PS: You can assume that you will always defeat the Master X clones.  As a hero, you would always find a way and wouldn’t need any hints.

2.1    Input

attacks is a non-empty list of N attacks, where each attack is a list of 4 items [m,  s,  e,  c]:

● m is the multiverse which Master X is attacking.

– m is an integer in the range of 1 to N .

– Master X will only attack each multiverse once; because he do not like setbacks.

●  s and e are the starting and ending days of the attack.

–  s and e are integers in the range of 1 to D .

– You can assume that s <= e.

– You would need to be throughout the entire attack duration from day s to day e inclusive in order to defeat the clones.

●  c is the number of Master X clones in the attack.

–  c is an integer in the range of 2 to C .

– Master X will always attack with at least 2 clones because he needs friends.

2.2    Output

Your algorithm returns a list of Master X attacks that you, Dr Weird, will attend to:

● Result in the most Master X clones defeated.

●  The returned list doesn’t need to be sorted.

● It is possible for the return list to not be unique.

2.3    Examples

Consider the following examples below.

The first example is based on the simple example given in the question description where a total of 6 clones were defeated.

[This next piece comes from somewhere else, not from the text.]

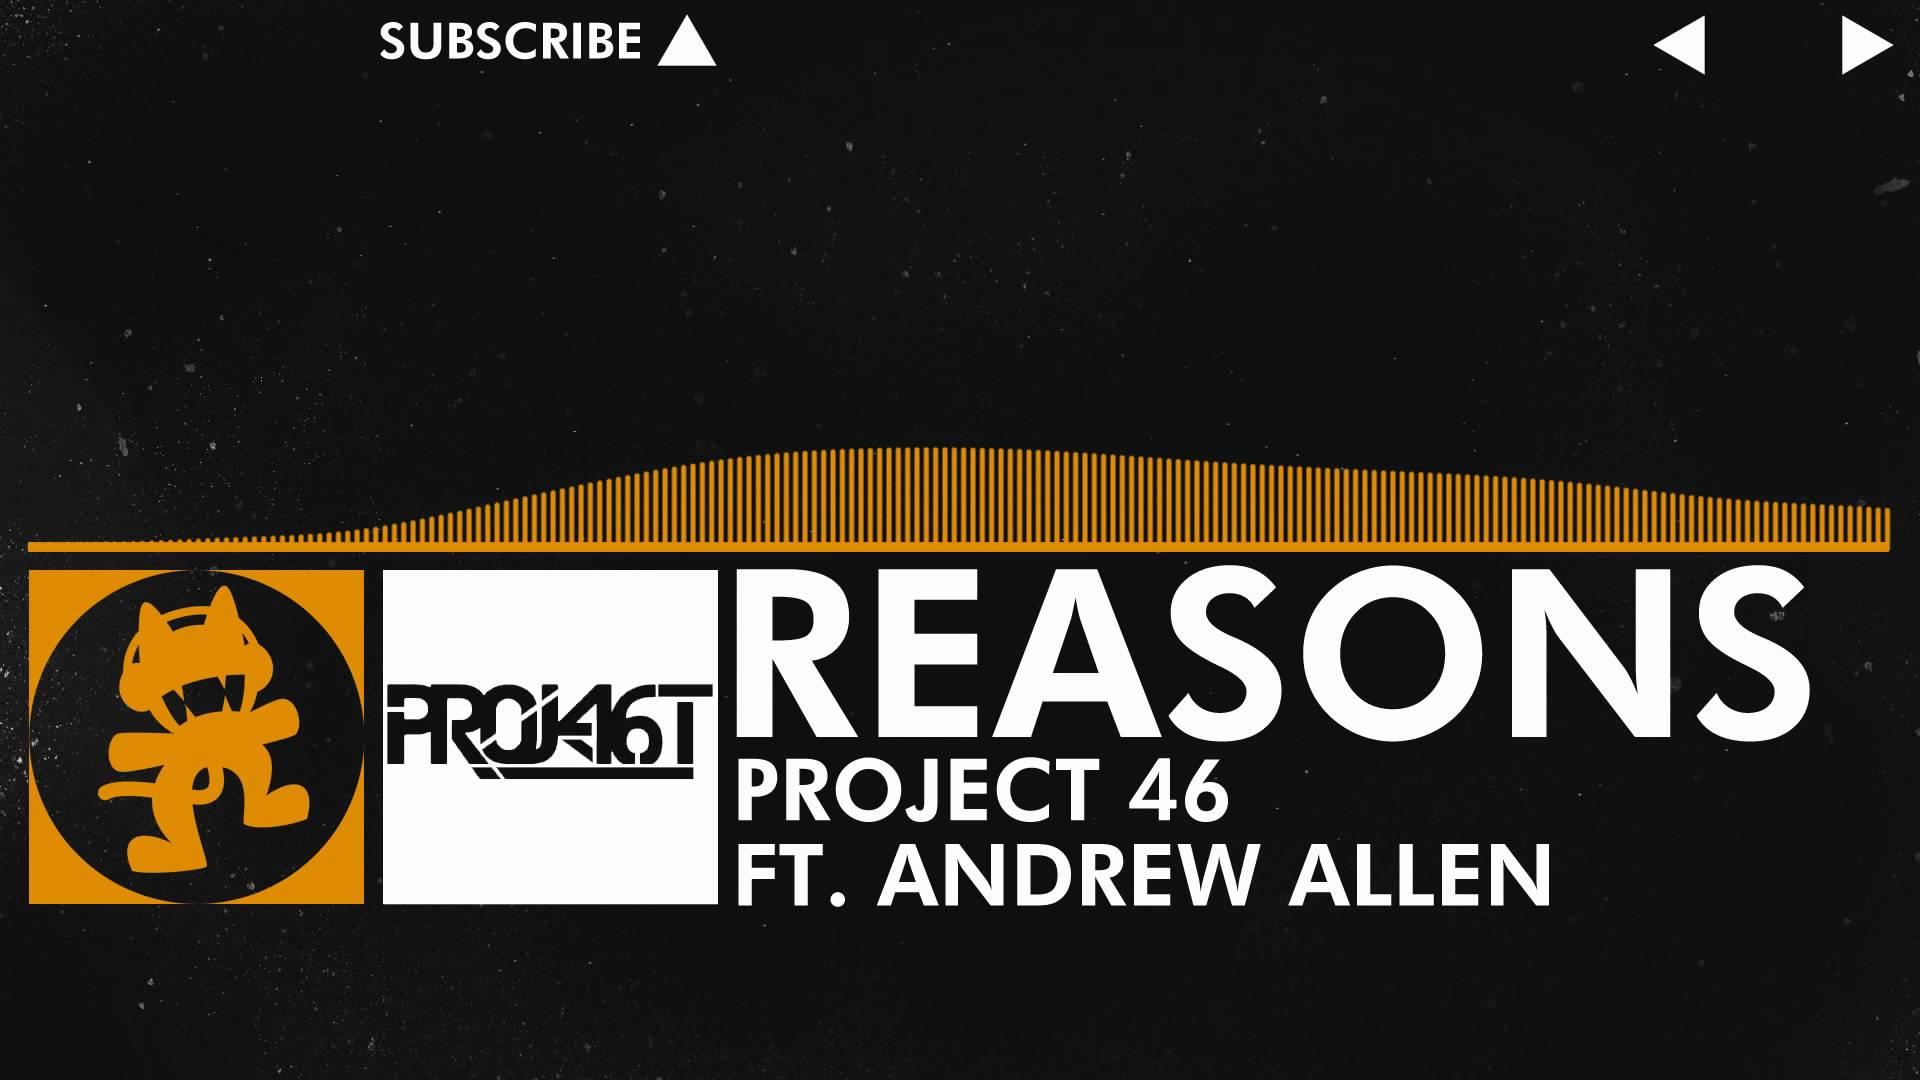 [Progressive House] - Project 46 - Reasons (feat. Andrew Allen) [Monstercat Release]

For the second example below, we observe 2 possible solutions where either [[3, 5, 6, 2], [2, 1, 4, 4]] or [[1, 2, 7, 6]] would result in 6 clones being defeated.

In the last example below, it can be observed that upon defeating the clones in the attack [1, 2, 7, 6] you can only move on to attack [3, 8, 9, 5] because attack [2, 7, 9, 10] starts on day 7 itself when you are still occupied.

2.4    Complexity

hero(attacks) should run in O(NlogN) worst case time complexity and O(N) auxiliary space complexity, given that N is the number of attacks in attacks.